WHAT TO DO:
Copy the listing exactly, leaving out every picture.

SOURCE DATA:
----
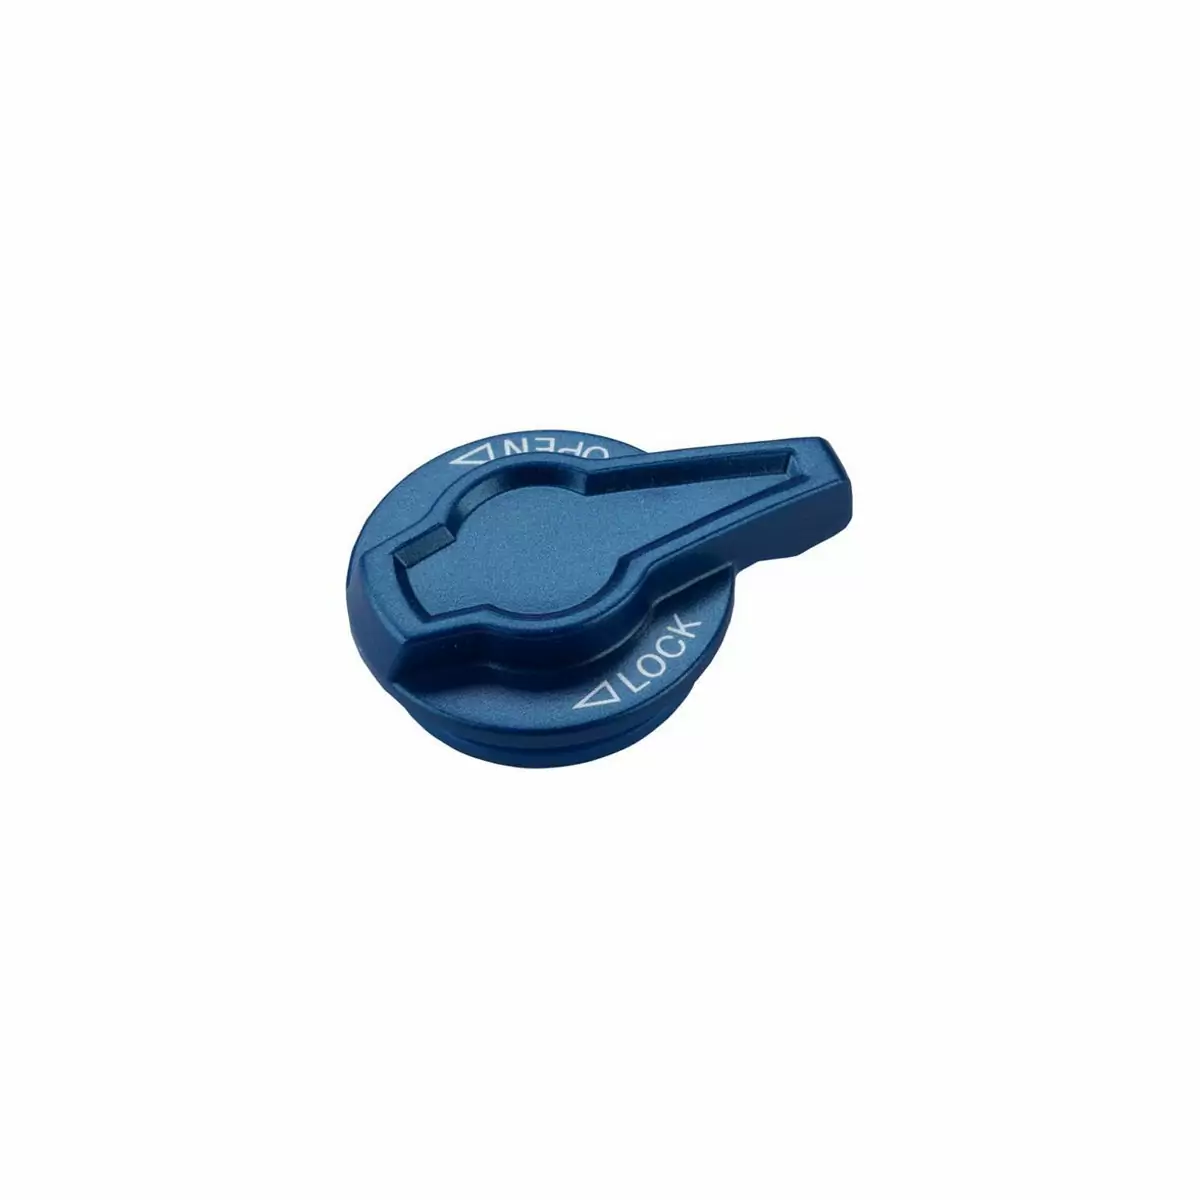 tappo girevole blu per cartuccia lo per SF15-XCR-LO/SF16-Raidon XC-LO - image
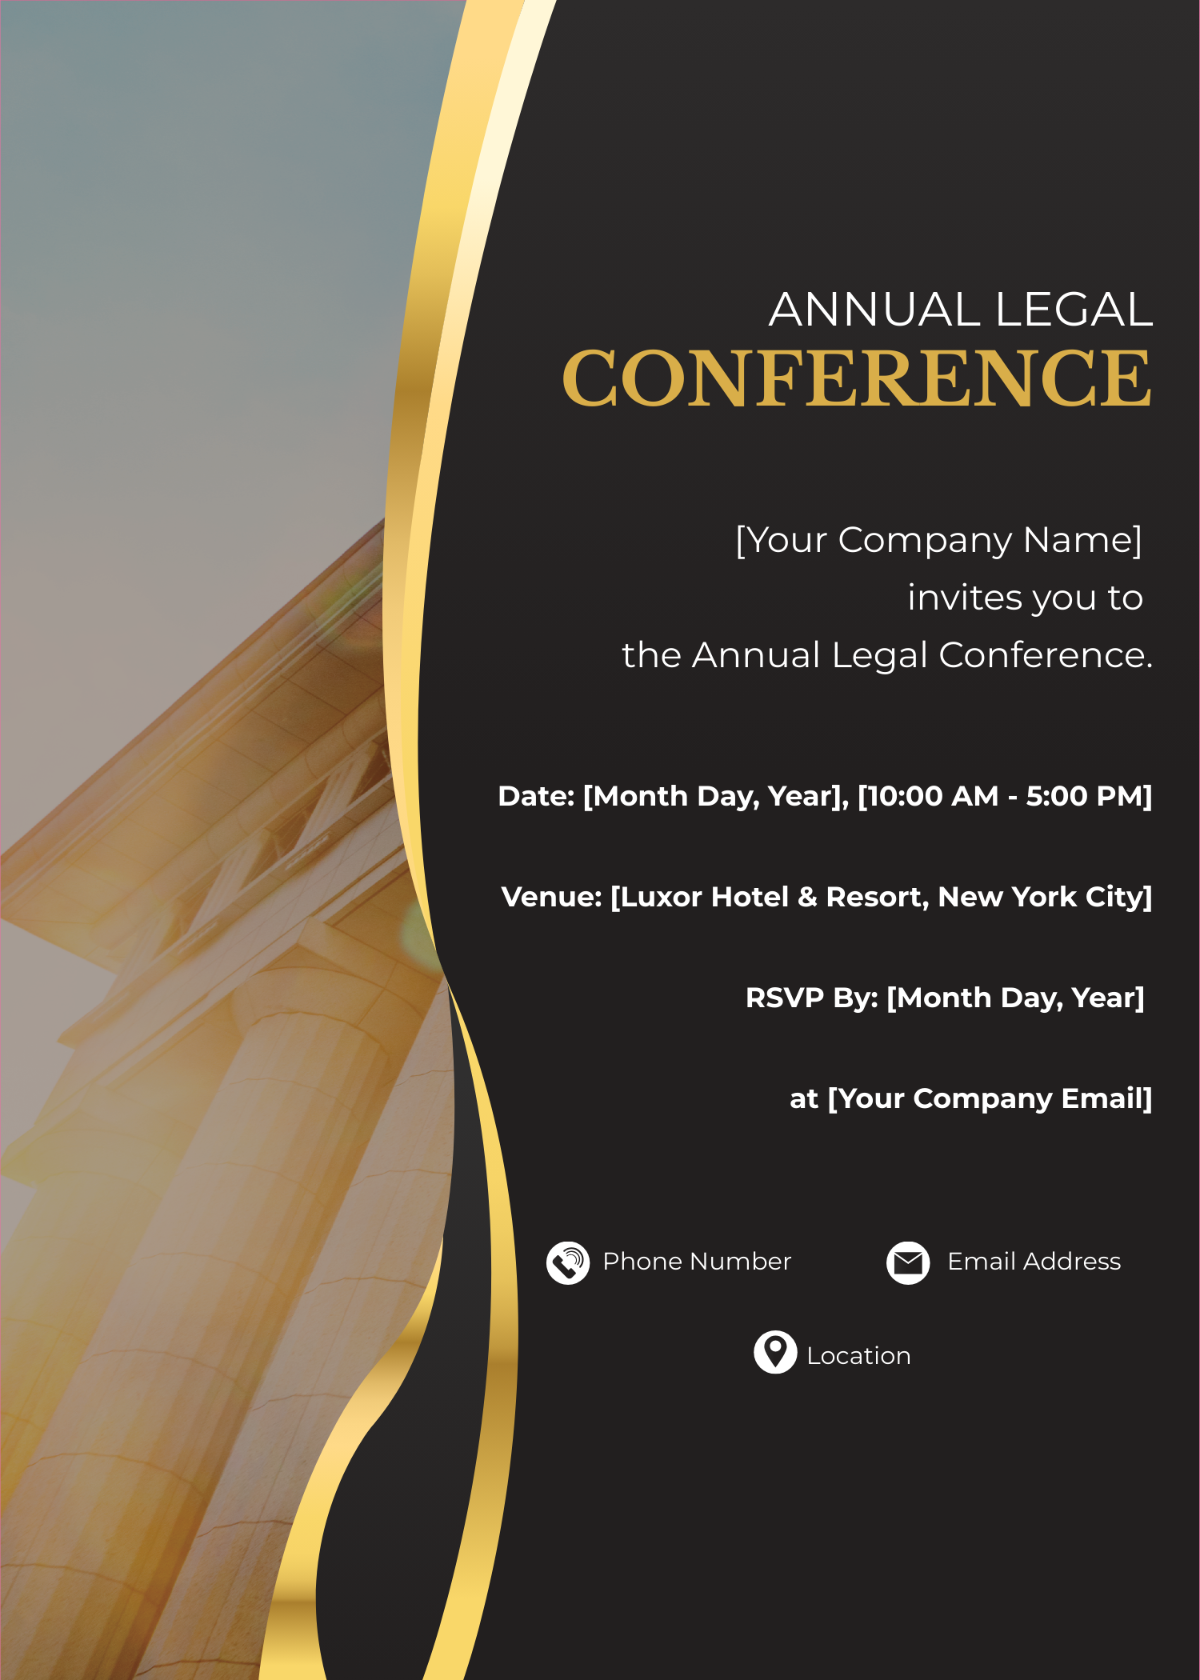 Annual Legal Conference Invitation Card
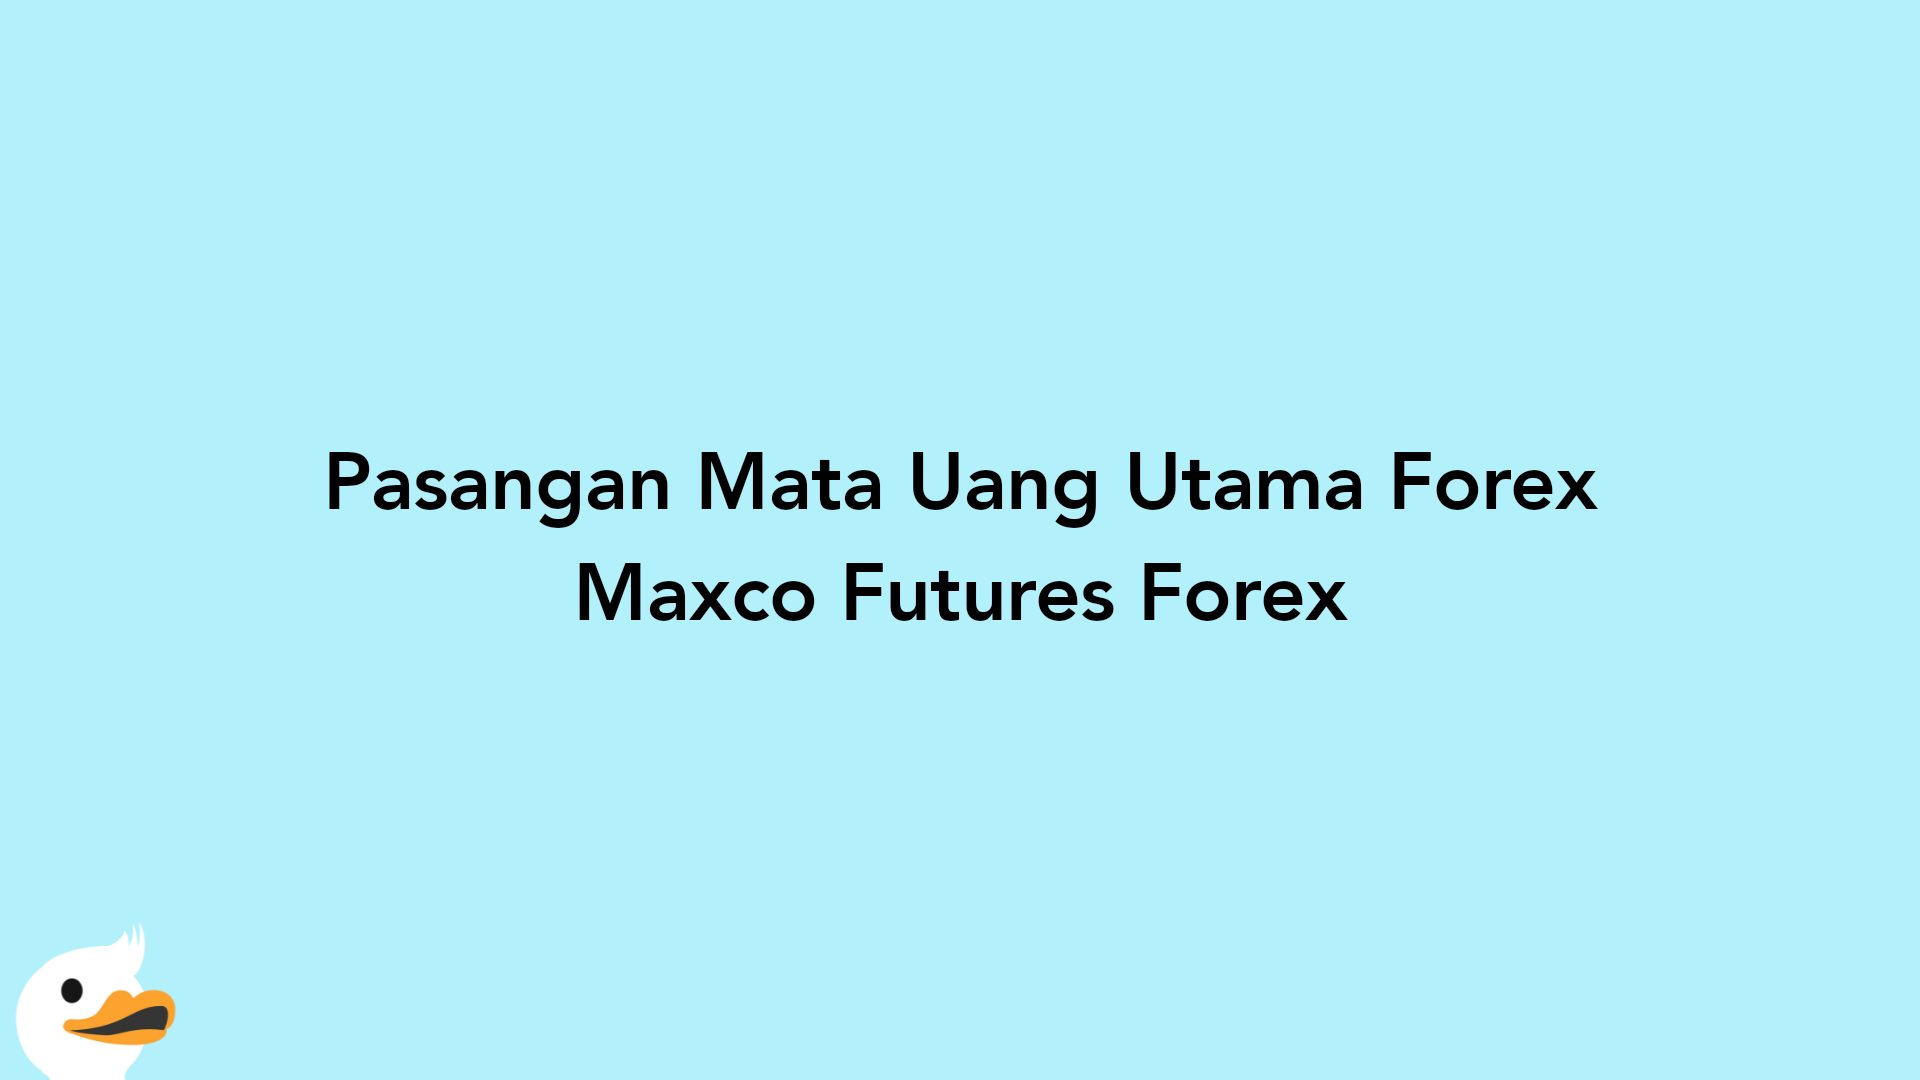 Pasangan Mata Uang Utama Forex Maxco Futures Forex
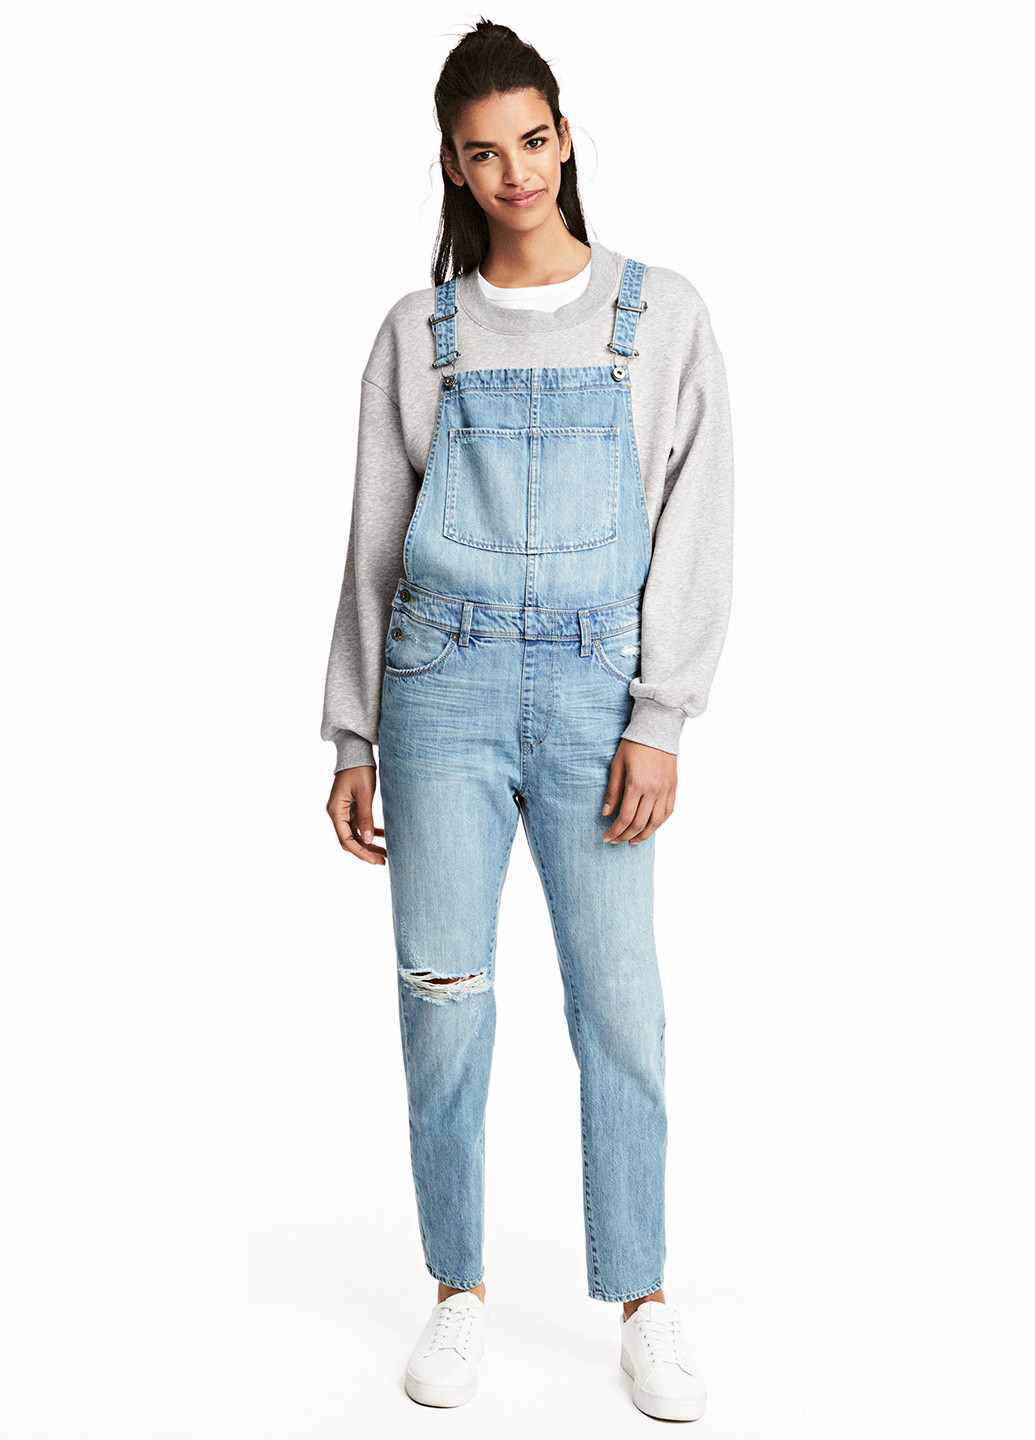 Комбінезон H&M комбінезон-брюки однотонний блакитний джинсовий
----
THE COMPLETED TASK:
 tappo girevole blu per cartuccia lo per SF15-XCR-LO/SF16-Raidon XC-LO - image
 Annual Legal Conference Invitation Card
 Pasangan Mata Uang Utama Forex Maxco Futures Forex
 Комбінезон H&M комбінезон-брюки однотонний блакитний джинсовий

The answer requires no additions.